RE: ISSUE-317 (IMSC should not require frame alignment): IMSC should not require frame alignment [TTML IMSC 1.0] from Michael Dolan on 2014-05-23 (public-tt@w3.org from May 2014)

From: Michael Dolan <mdolan@newtbt.com>
Date: Fri, 23 May 2014 07:32:05 -0700
To: "'Timed Text Working Group'" <public-tt@w3.org>
Message-ID: <008b01cf7693$c6a4e880$53eeb980$@newtbt.com>
We did not *choose* to make seconds non-frame-aligned.  That was done for us
in NTSC countries half a century ago.

#subframerate time representation is not remotely the problem.
Non-frame-aligned times exist with only seconds (and fractional seconds).
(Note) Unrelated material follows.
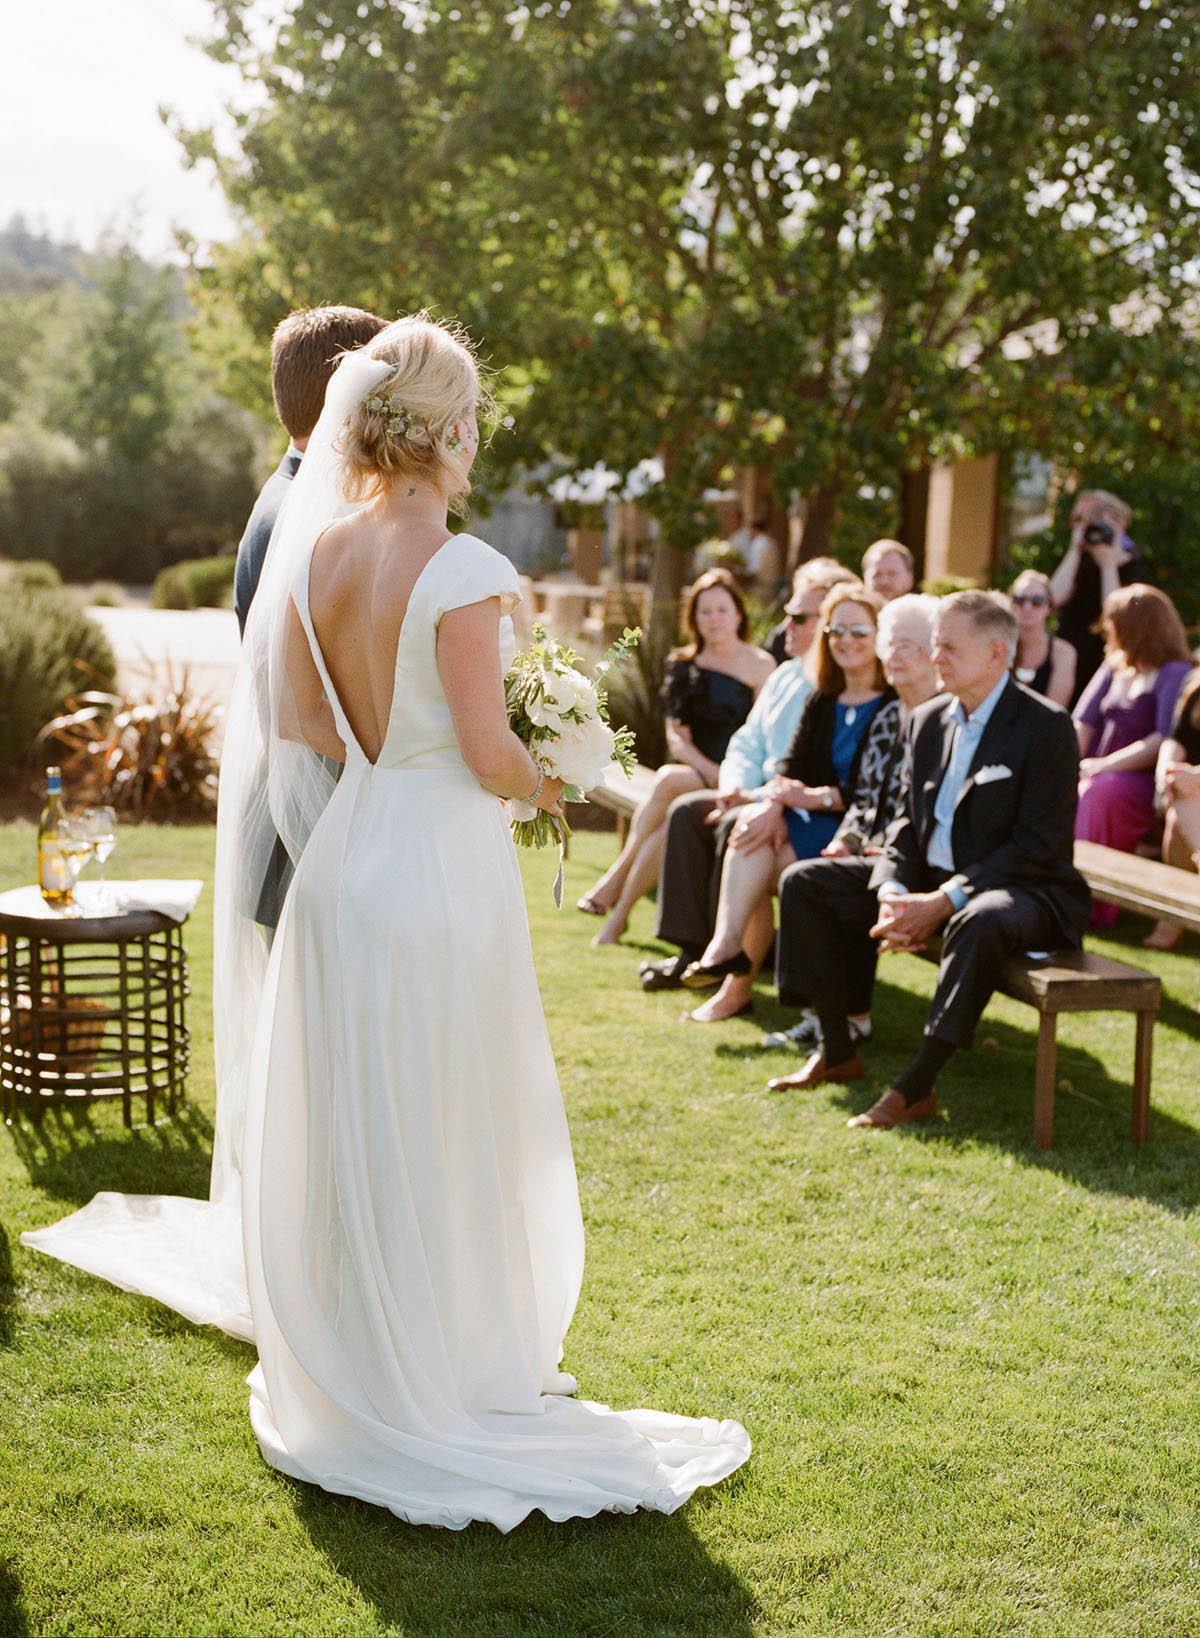 21-wedding-ceremony.jpg

Appendix N was agreed to be made normative in TTML2. It could not be made so
in TTML1SE since it was obviously substantive.

Again, I think we have a fundamental disconnect about how TTML (not IMSC)
relates to coded video objects.  Until we agree on the model, we should set
aside these issues - we will both not agree and not agree on where to codify
the constraints.

	Mike

-----Original Message-----
From: Nigel Megitt [mailto:nigel.megitt@bbc.co.uk] 
Sent: Friday, May 23, 2014 3:13 AM
To: Michael Dolan; 'Timed Text Working Group'
Subject: Re: ISSUE-317 (IMSC should not require frame alignment): IMSC
should not require frame alignment [TTML IMSC 1.0]

CIL

On 22/05/2014 17:39, "Michael Dolan" <mdolan@newtbt.com> wrote:

>CIL
>
>-----Original Message-----
>From: Nigel Megitt [mailto:nigel.megitt@bbc.co.uk]
>Sent: Thursday, May 22, 2014 8:50 AM
>To: Michael Dolan; 'Timed Text Working Group'
>Subject: Re: ISSUE-317 (IMSC should not require frame alignment): IMSC 
>should not require frame alignment [TTML IMSC 1.0]
>
>You can achieve unambiguous frame alignment in the current IMSC draft 
>spec by specifying frames in the time expression, so I think your 
>requirement is already met.
>
>MD>>  This is simply not true, especially for non-integer framerates.
>There
>is a *lengthy* reflector exchange on this topic, maybe a year ago which 
>resulted in changes to TTML1SE.  Perhaps that will help.  You'll be 
>glad to hear it is simpler for European (integer) framerates. :-)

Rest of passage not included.